The current account includes the goods and services that flow in and out of the nation. These goods and services may include raw and manufactured items (regardless of whether they are bought, sold, or given as aid); fees related to tourism and transportation; service-based fees; engineering costs; and royalty fees. Goods and services make up the nation's Balance of Trade (BOT) and the BOT is thus a component of the current account. Earnings on investments, such as stocks, also comprise the current account component of the BOP (Heakal 2009). The last component of the current account is unilateral transfers. These include worker's salaries sent back to families at home as well as foreign aid given to other nations (Heakal 2009).

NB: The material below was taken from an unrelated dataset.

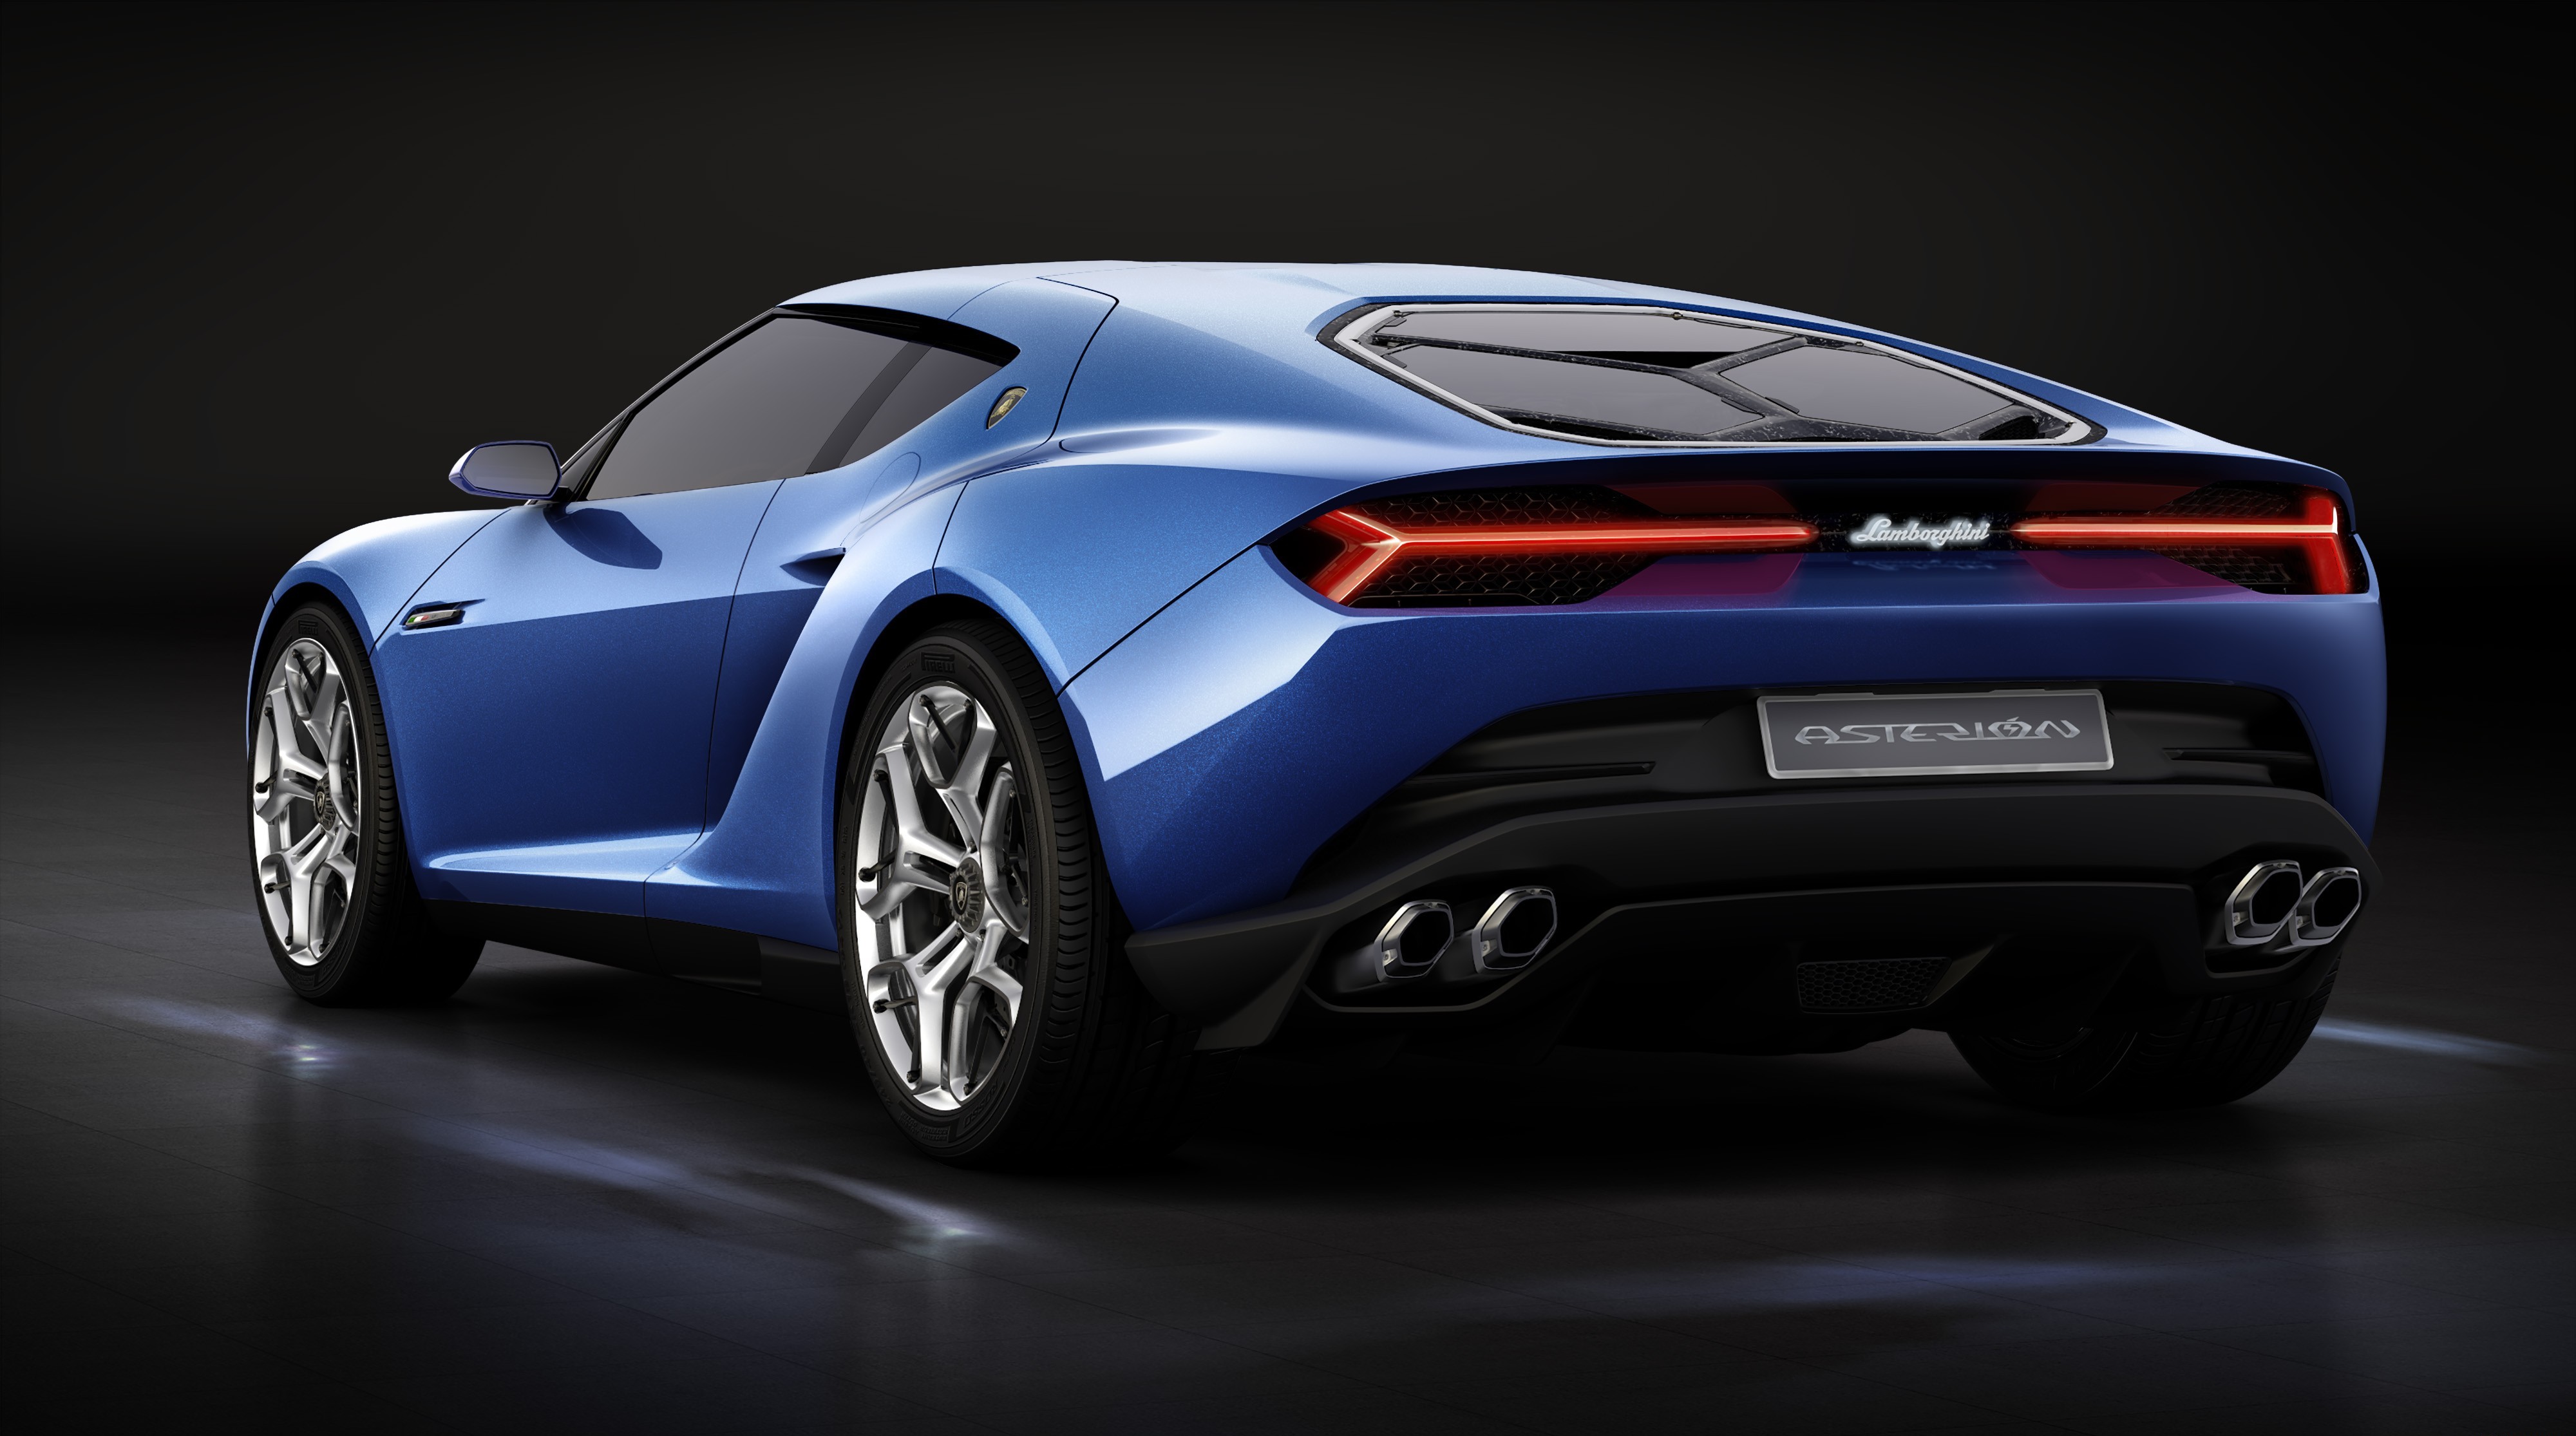 Lamborghini Asterion là một chiếc siêu xe hybrid đầy ấn tượng. Thiết kế của chiếc xe này không thể nào cứng nhắc hơn, với đường nét tinh tế và sắc nét. Động cơ mạnh mẽ và công nghệ hiện đại khiến chiếc xe trở thành một trong những siêu xe đáng chú ý nhất hiện nay. Xem hình ảnh để khám phá chiếc xe đầy cảm hứng này!

The capital account is comprised of international capital transfers, or the "acquisition or disposal" of non-financial and non-produced assets, like land or natural resources (Heakal 2009). "The capital account is broken down into the monetary flows branching from debt forgiveness, the transfer of goods, and financial assets by migrants leaving or entering a country" (Heakal 2009). It also consists of "the transfer of ownership on fixed assets (assets such as equipment used in the production process to generate income), the transfer of funds received to the sale or acquisition of fixed assets, gift and inheritance taxes, death levies, and, finally, uninsured damage to fixed assets" (Heakal 2009).
The final component of the BOP is the financial account, which is comprised of international monetary flows, such as "business, real estate, bonds and stocks" and "government-owned assets such as foreign reserves, gold, special drawing rights (SDRs) held with the International Monetary Fund" (Heakal 2009). Direct foreign investment is included in the financial account, as are private and public assets owned by foreigners, and private assets held abroad (Heakal 2009).